Layla Ashraf has always been good at two things: translating dead languages and pretending she doesn't feel the fire. For three weeks, she's been ignoring the heat beneath her ribs—that low, persistent burn she's blamed on stress, on caffeine, on the thesis that refuses to write itself. She's a PhD student in Cairo, not a character in one of the ancient manuscripts she studies. She deals in facts. In footnotes. In things that can be proven.
Then a stranger on the metro looks at her like she's a problem he already knows the answer to—and by nightfall, everything she thought she knew about history, about magic, about herself, has been stripped down to ash.
Beneath Cairo's streets exists a world called Al-Asfal.
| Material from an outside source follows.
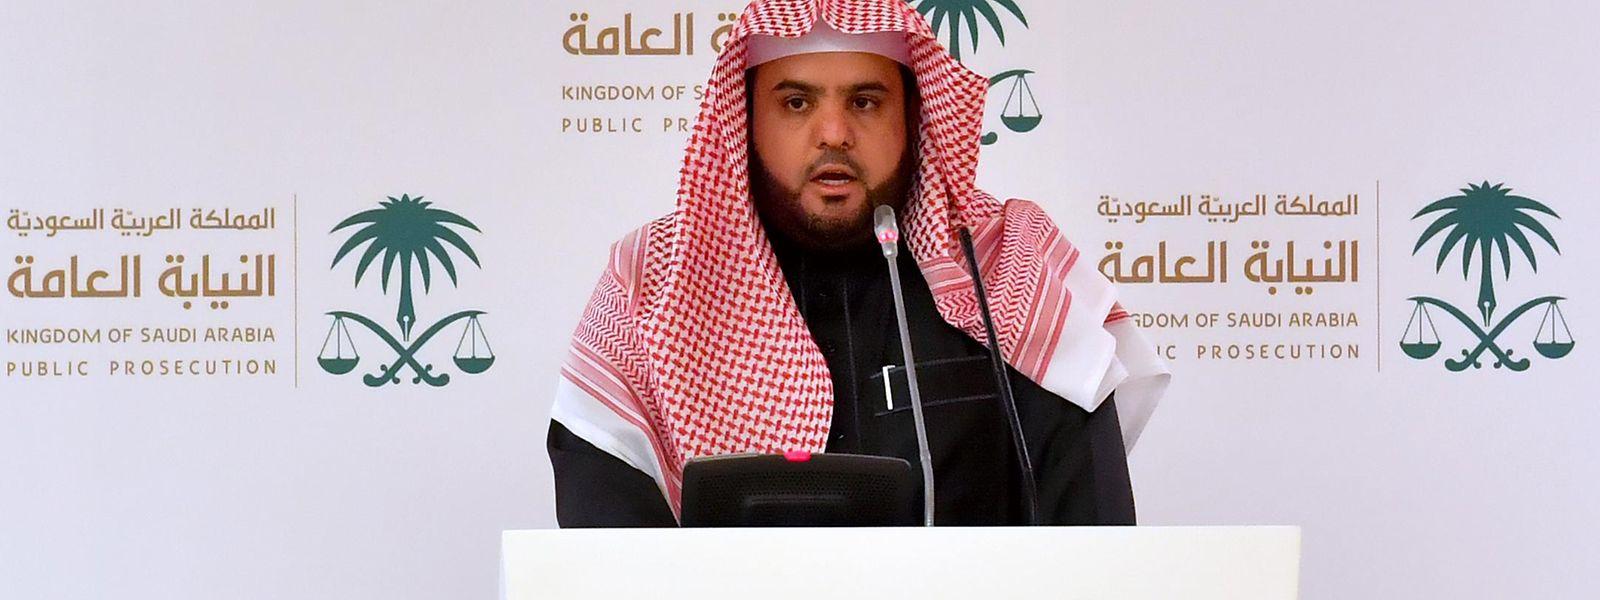 Shalan al-Shaalan, Sprecher der Staatsanwaltschaft von Saudi-Arabien, spricht auf einer Pressekonferenz. Ein Gericht in Saudi-Arabien hat fünf Menschen wegen des Mordes an dem regierungskritischen Journalisten Khashoggi zum Tode verurteilt.

A hidden city of Guardians sworn to protect the surface world from creatures of shadow. Every Guardian is bonded to a dragon. And Layla, it turns out, has been bonded to one since the moment she was born: a dragon carrying the rarest element in existence, one that's been extinct for five hundred years.
Everyone in Al-Asfal wants to control her power.
Some want to weaponize it. A few want to destroy it before it destroys them. And then there's Ziad—her cold, infuriating, devastatingly competent trainer—who looks at her like she's the most dangerous thing he's ever been assigned to protect.
The fire has been waiting five hundred years to wake up. So has she.